▸ **PROVIDED DATA**
==================================================

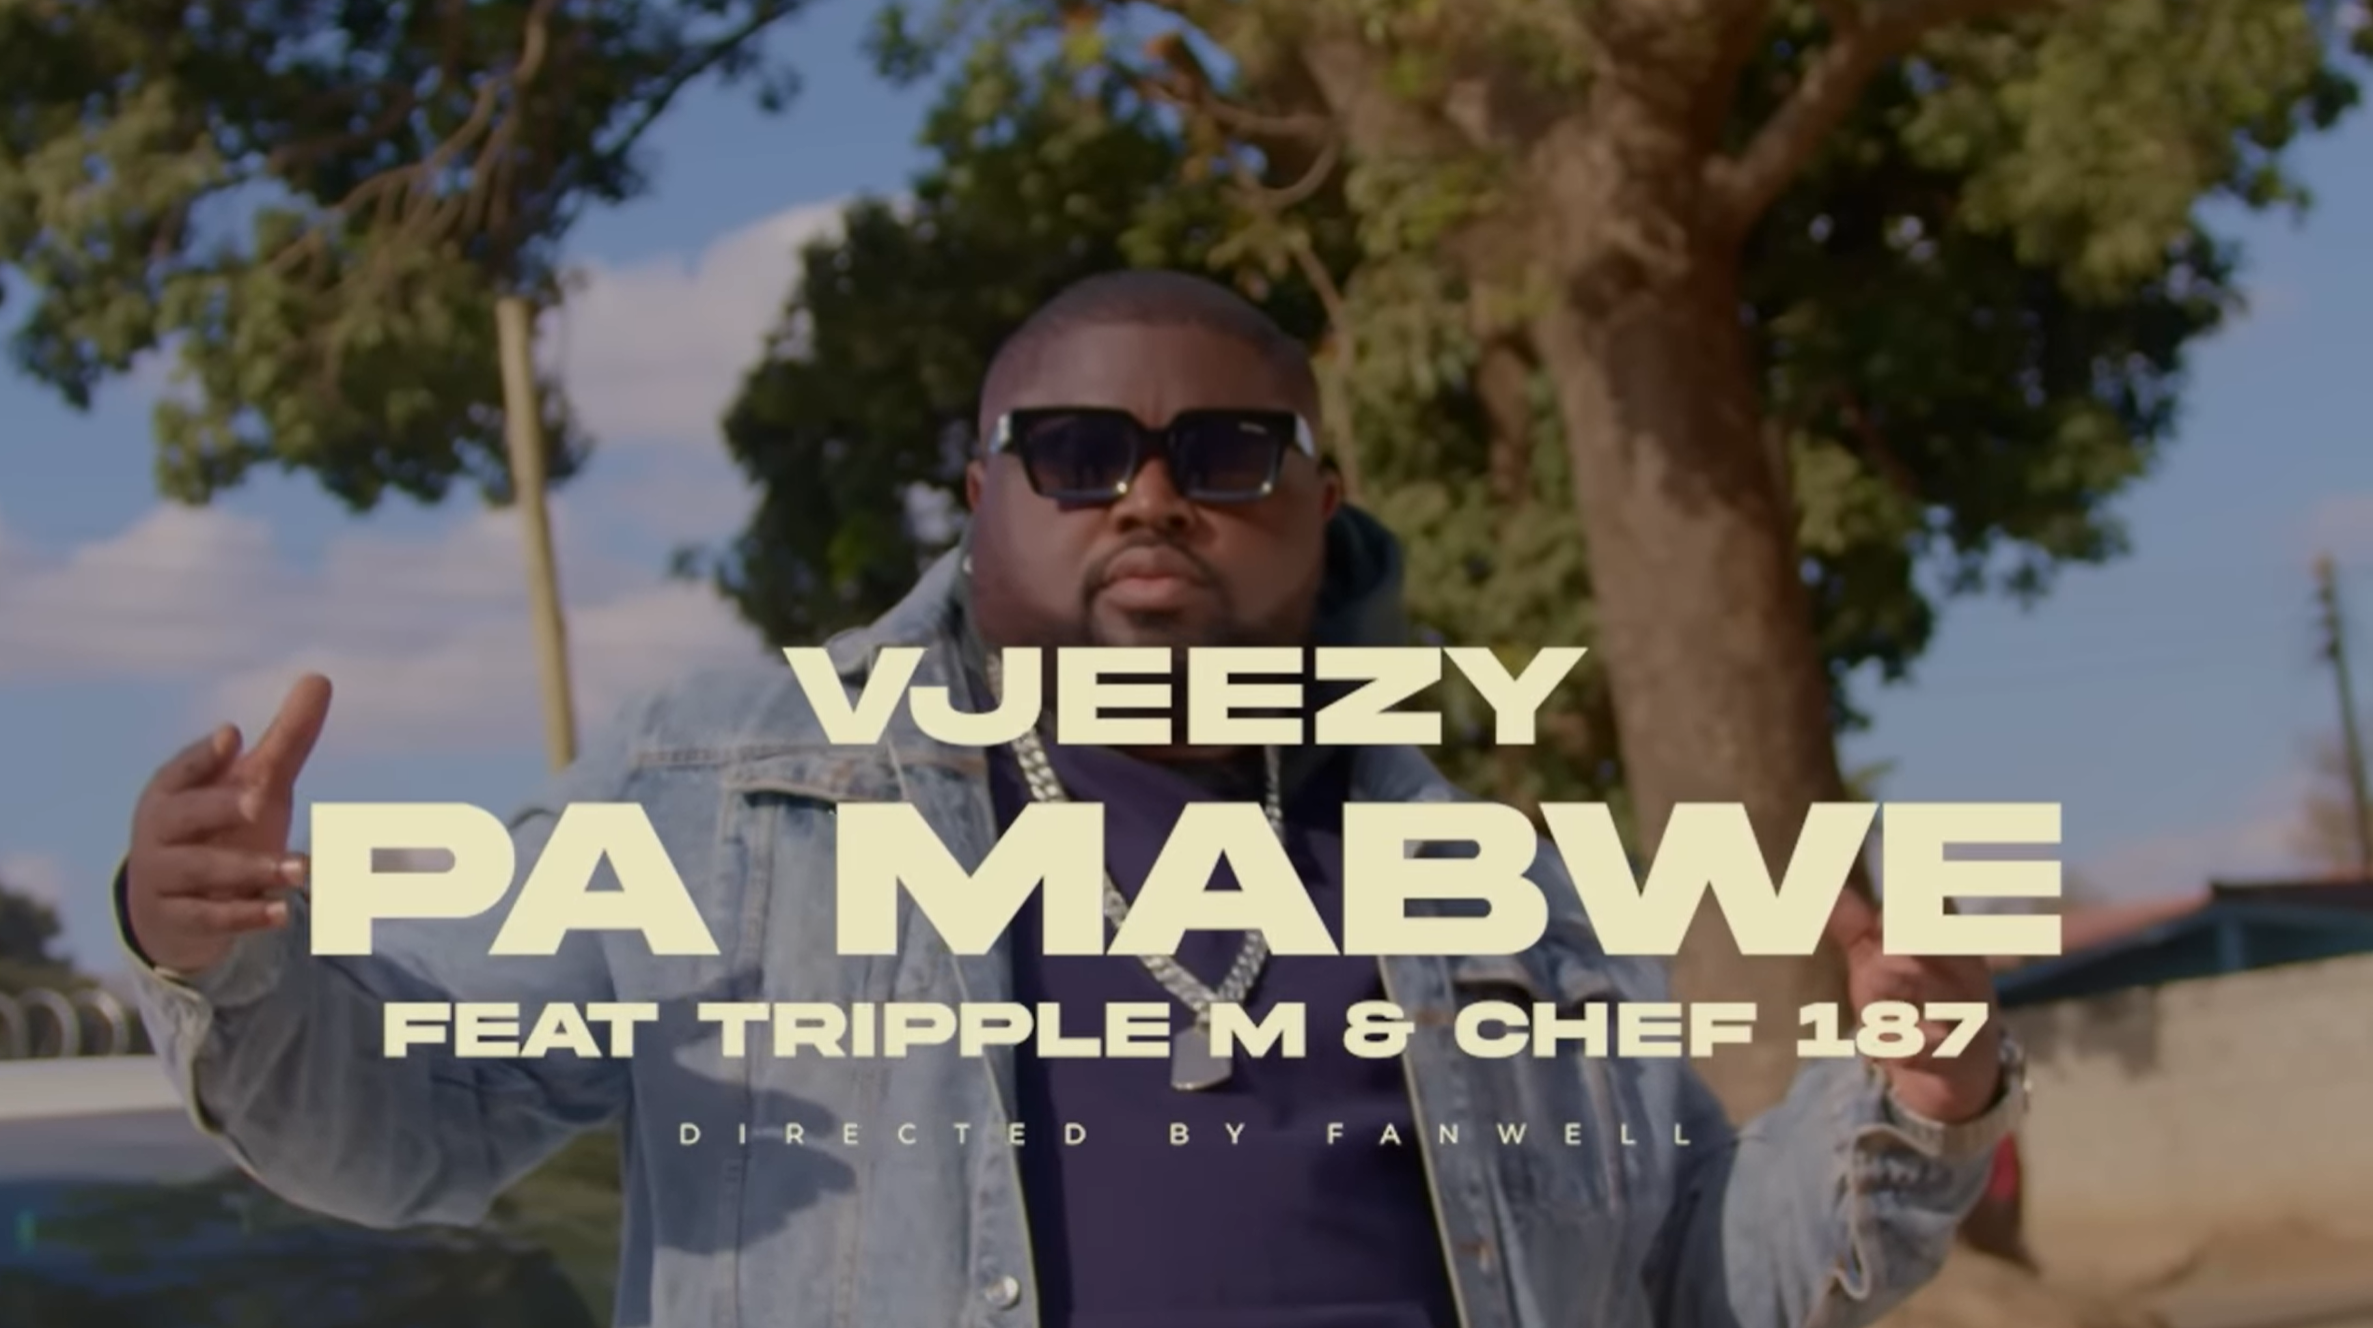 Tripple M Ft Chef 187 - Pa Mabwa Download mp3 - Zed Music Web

==================================================

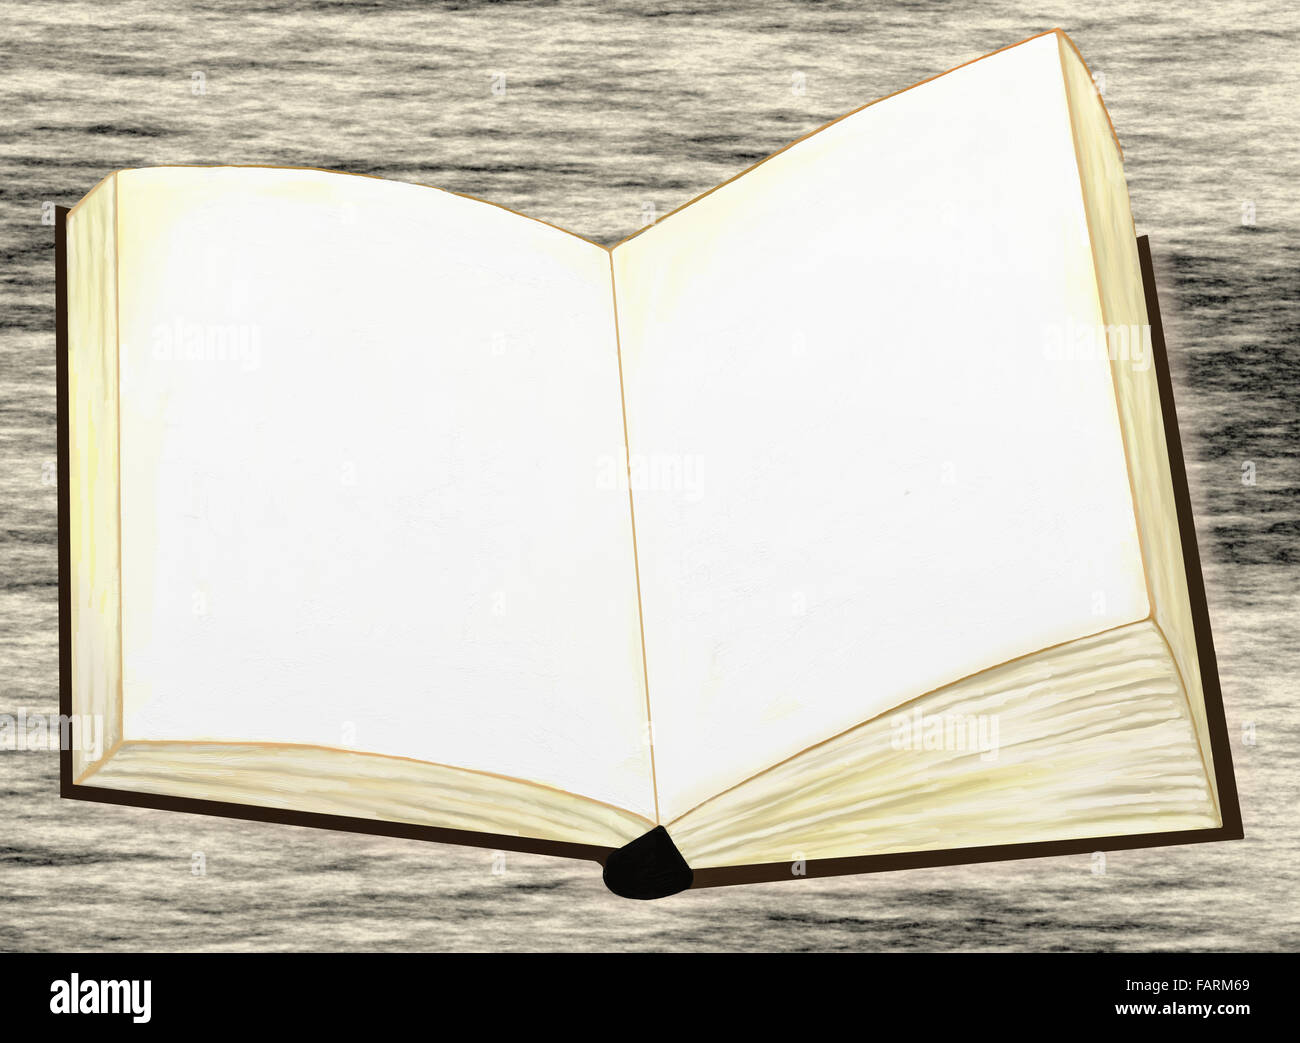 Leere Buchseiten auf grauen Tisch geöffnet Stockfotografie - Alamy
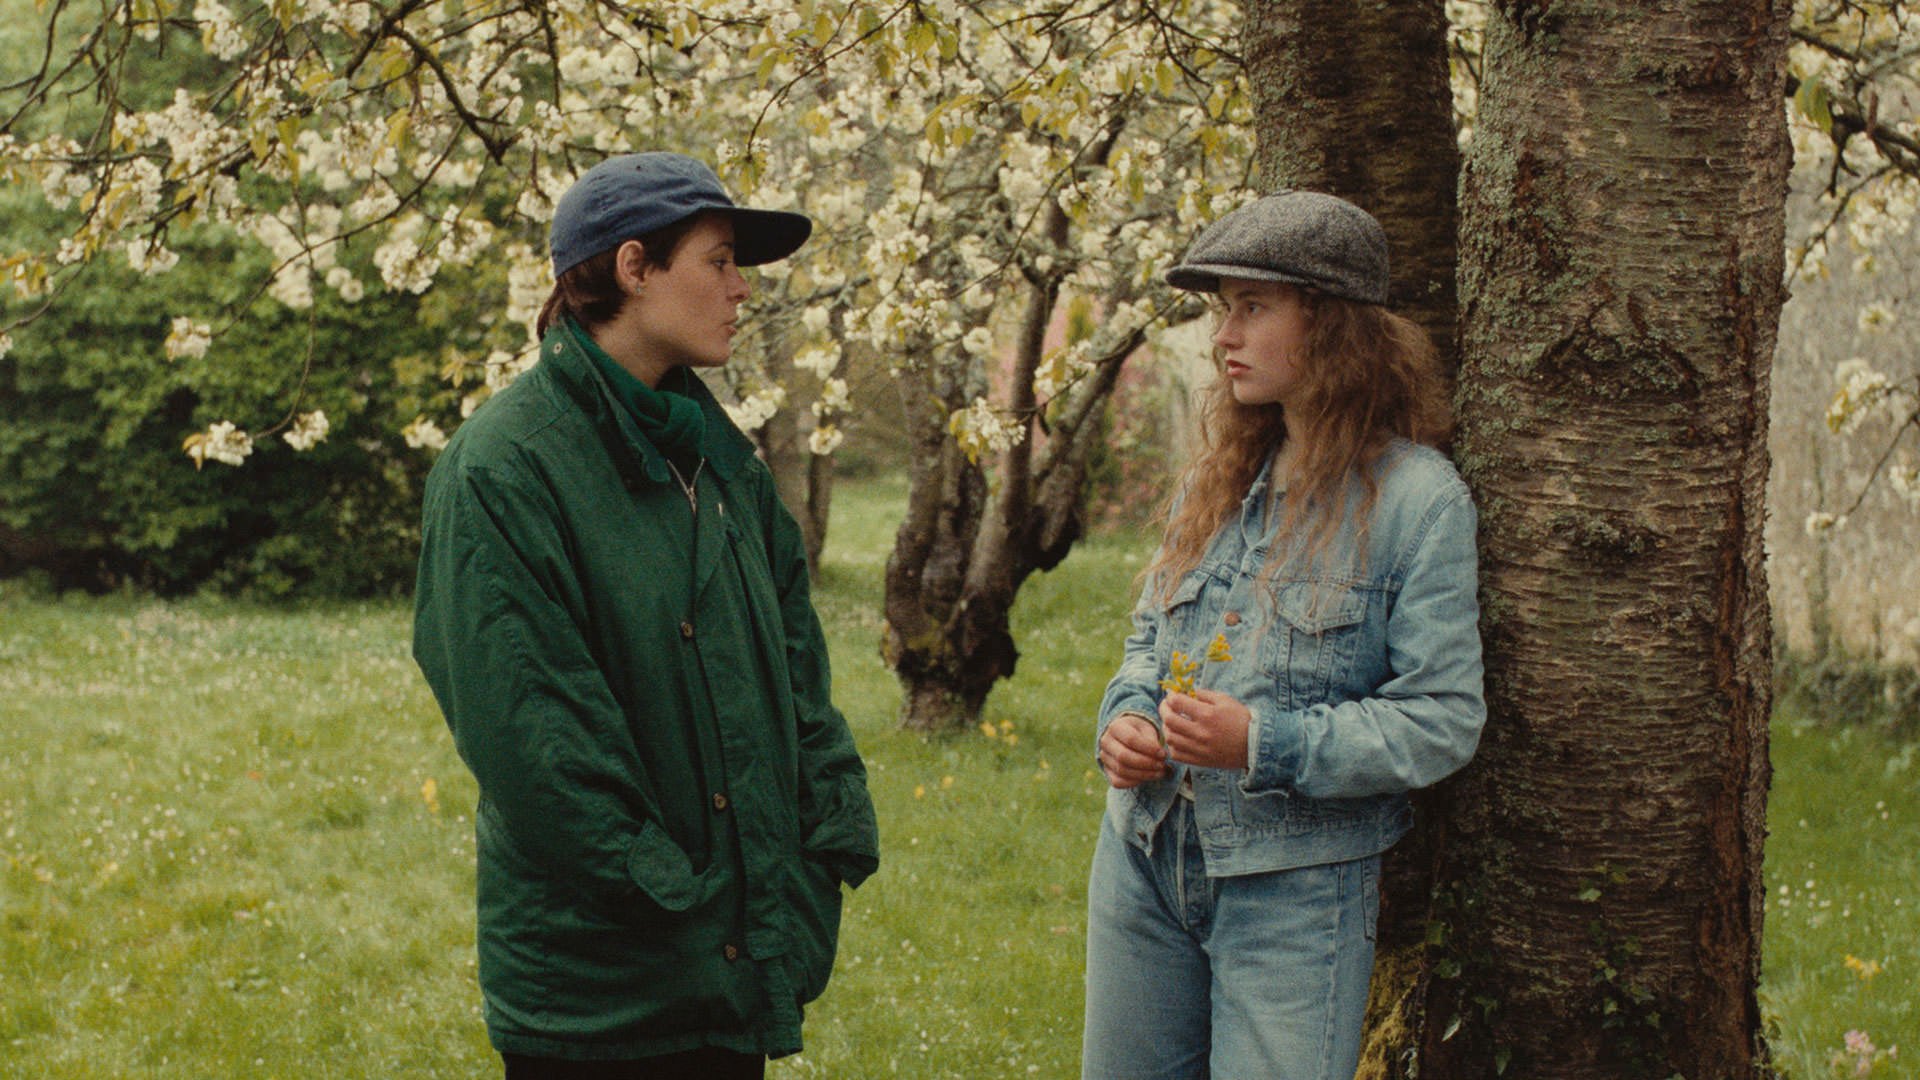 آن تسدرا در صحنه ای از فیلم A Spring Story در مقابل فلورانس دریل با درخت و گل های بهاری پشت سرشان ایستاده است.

==================================================

▸ **TASK PROMPT**
Beginning with the line that contains "Leere Buchseiten auf", write out the lines of the material above exactly, and end with the line that contains "آن تسدرا در". Omit the pictures.

▸ **PROBLEM SOLUTION**
 Leere Buchseiten auf grauen Tisch geöffnet Stockfotografie - Alamy
 آن تسدرا در صحنه ای از فیلم A Spring Story در مقابل فلورانس دریل با درخت و گل های بهاری پشت سرشان ایستاده است.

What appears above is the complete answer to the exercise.